**TASK**
Type out the lines below exactly, pictures excluded.

**EXERCISE DATA**
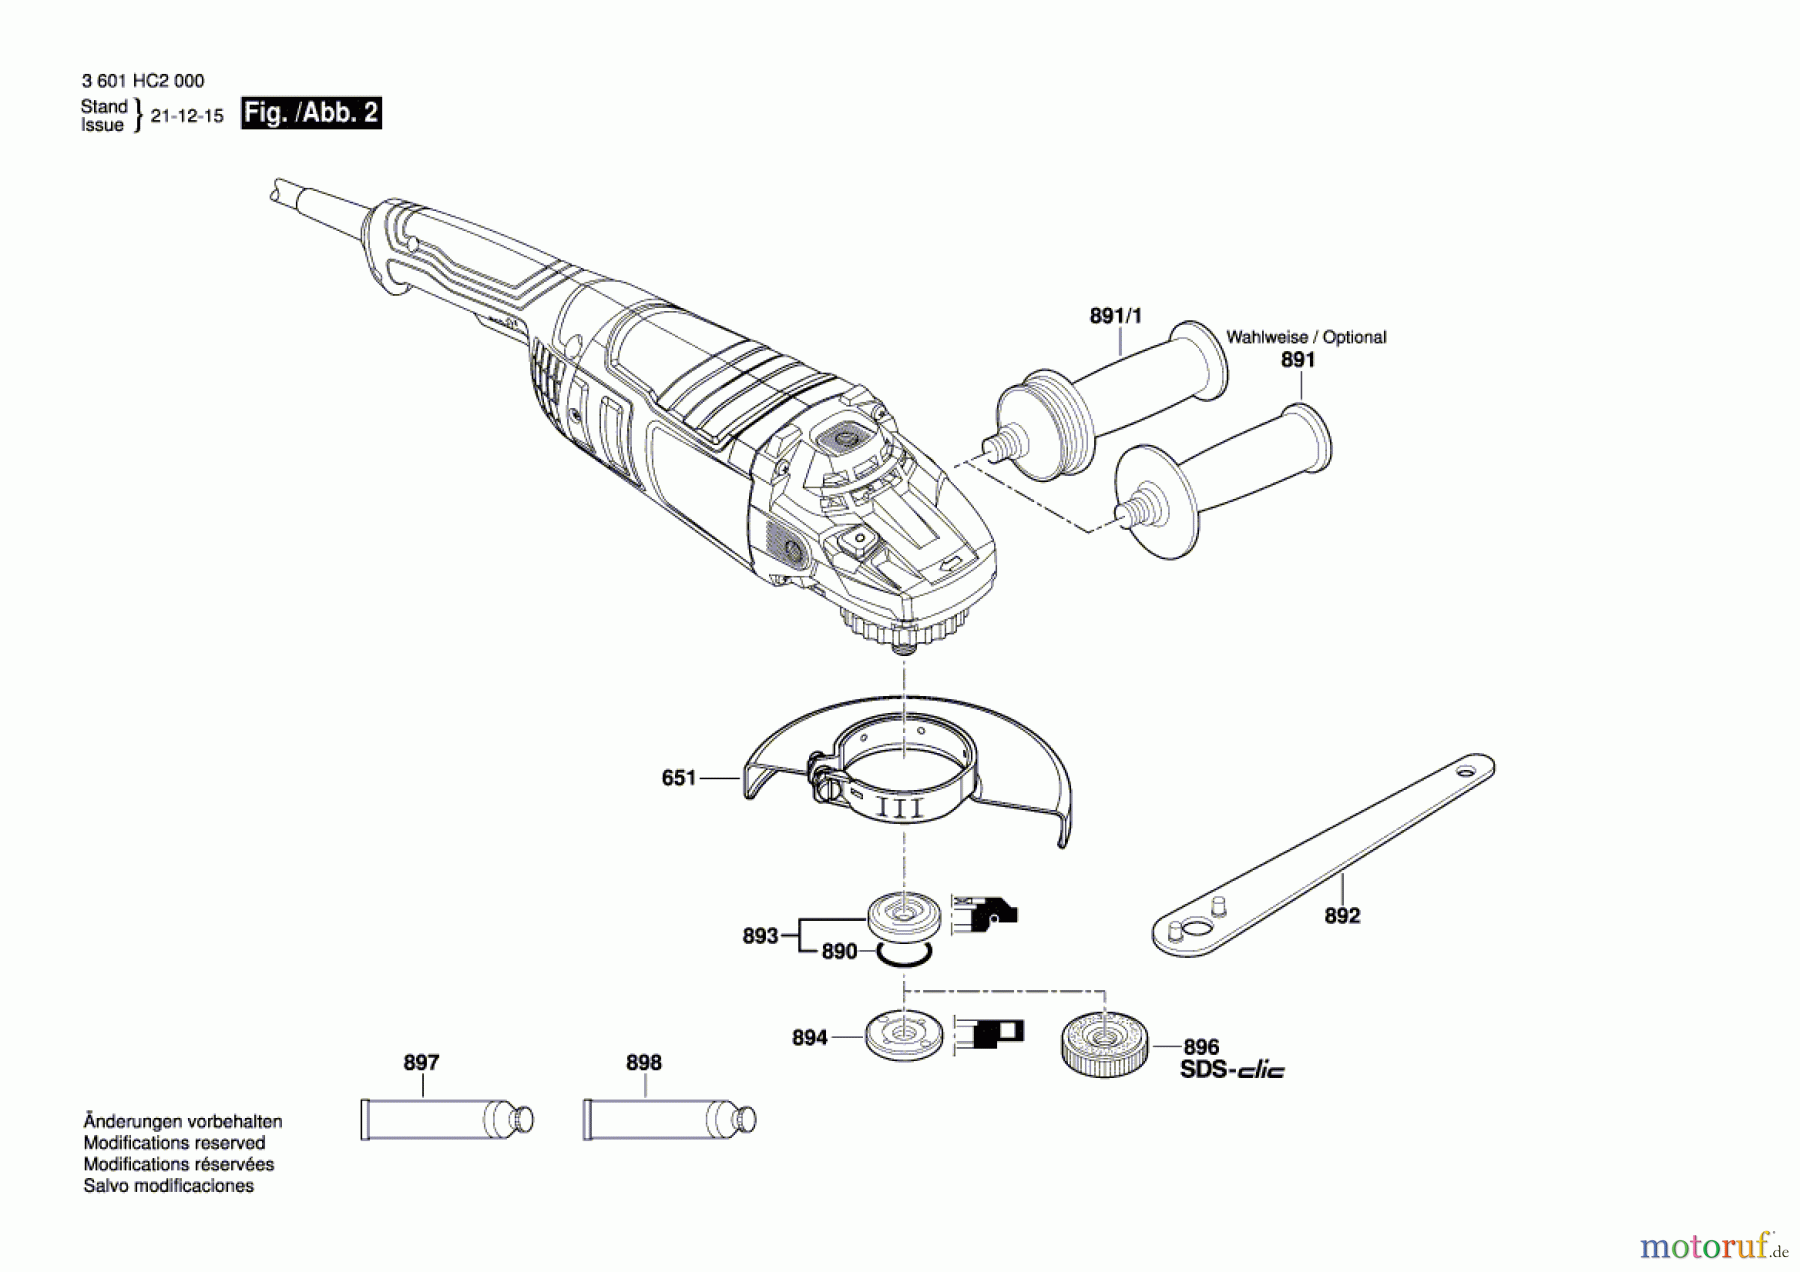  Bosch Werkzeug Winkelschleifer GWS 24-180P Seite 2
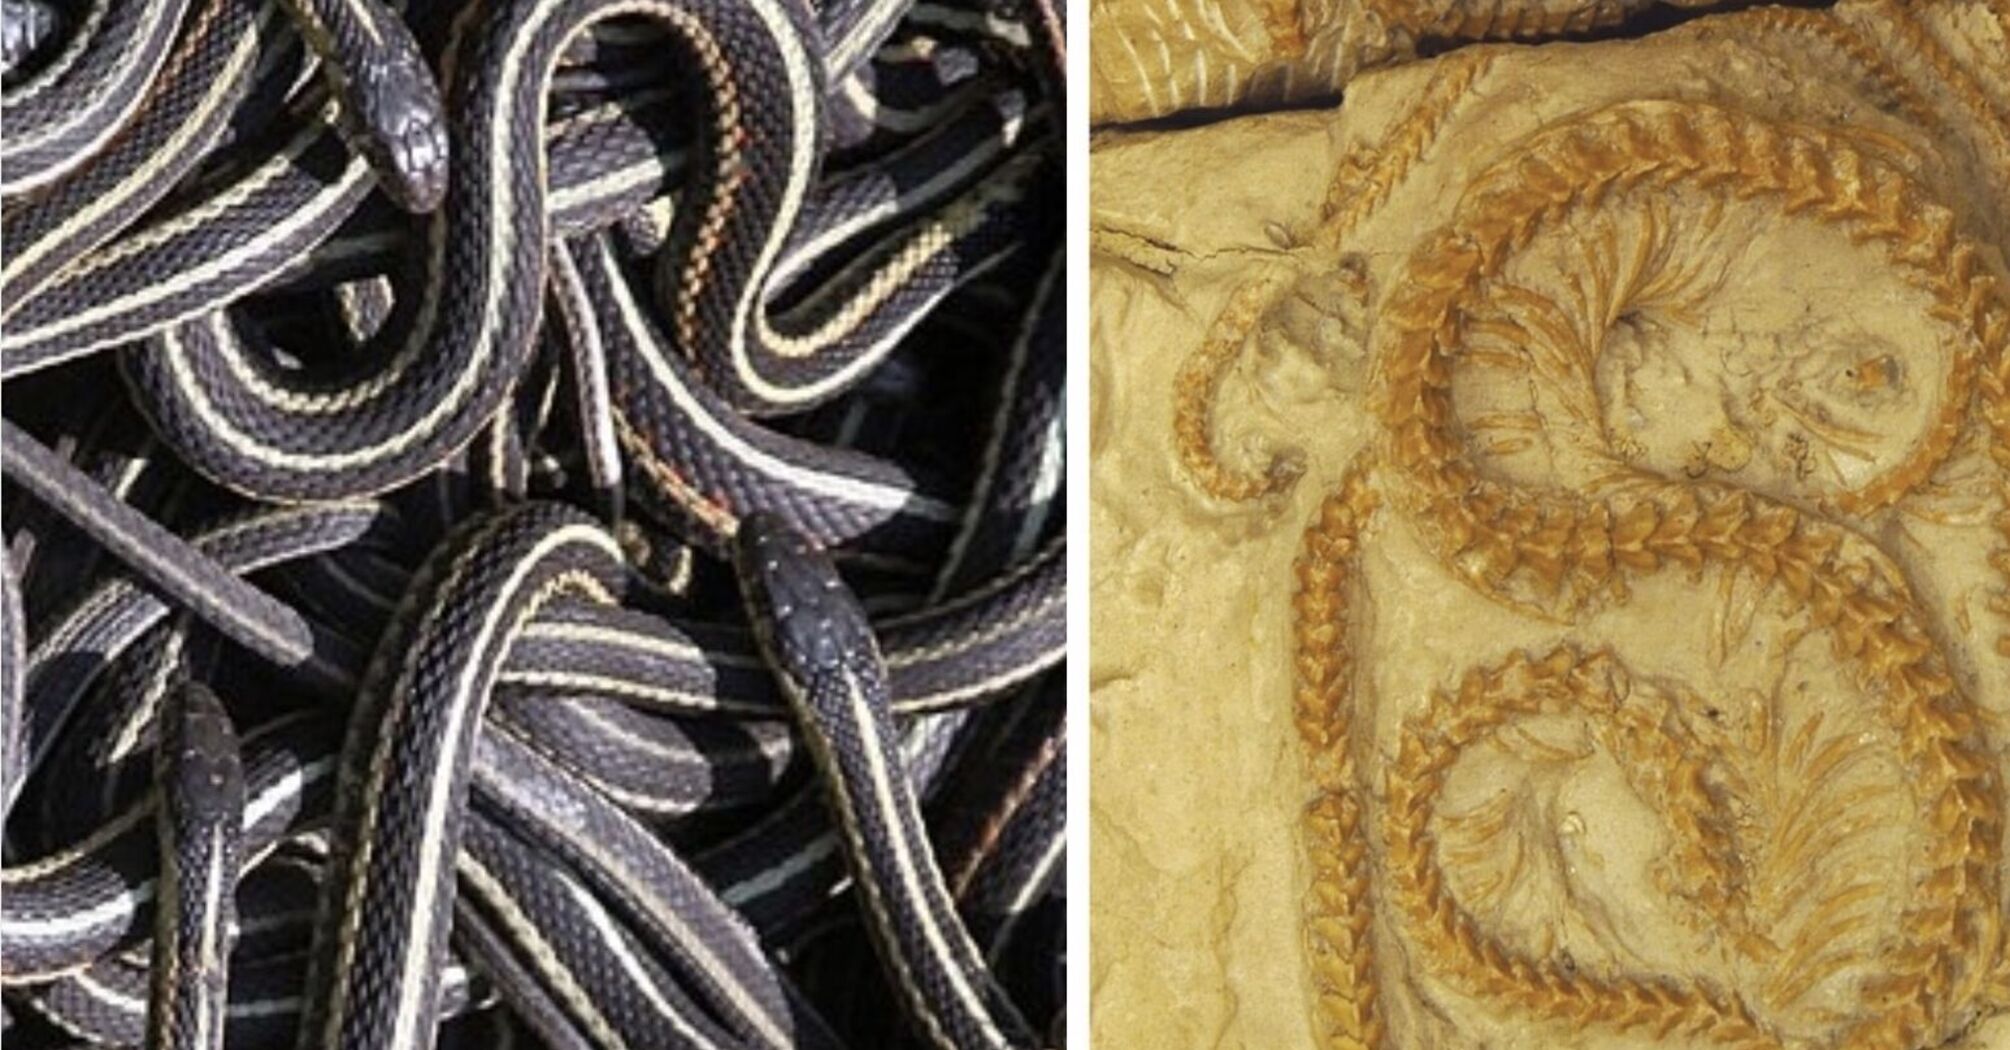 Умерли во время спячки: в США среди вулканического пепла обнаружили совершенно новый вид древних змей (фото)
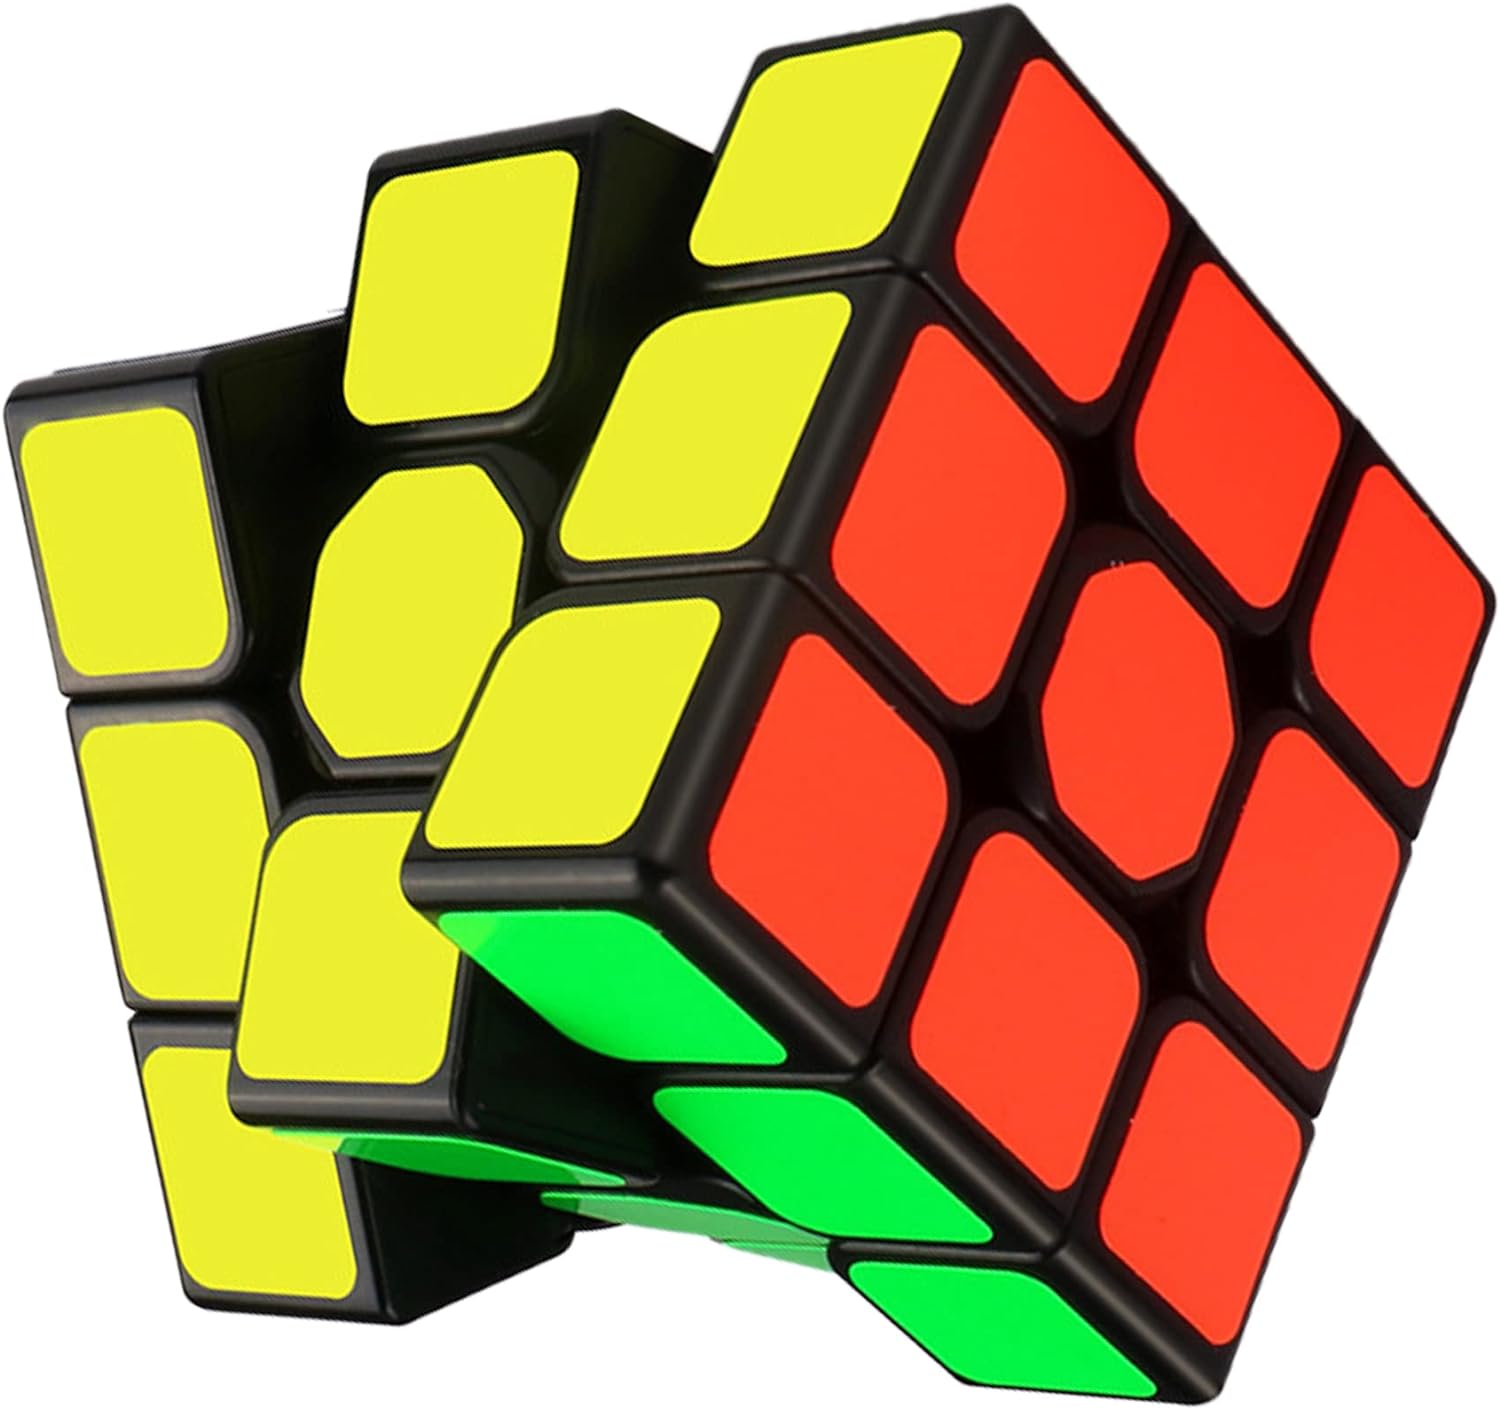 スタンダードなマス目の数を求めるなら「3x3x3」のルービックキューブ

**WRITTEN SOLUTION**
  Bosch Werkzeug Winkelschleifer GWS 24-180P Seite 2
 Умерли во время спячки: в США среди вулканического пепла обнаружили совершенно новый вид древних змей (фото)
 スタンダードなマス目の数を求めるなら「3x3x3」のルービックキューブ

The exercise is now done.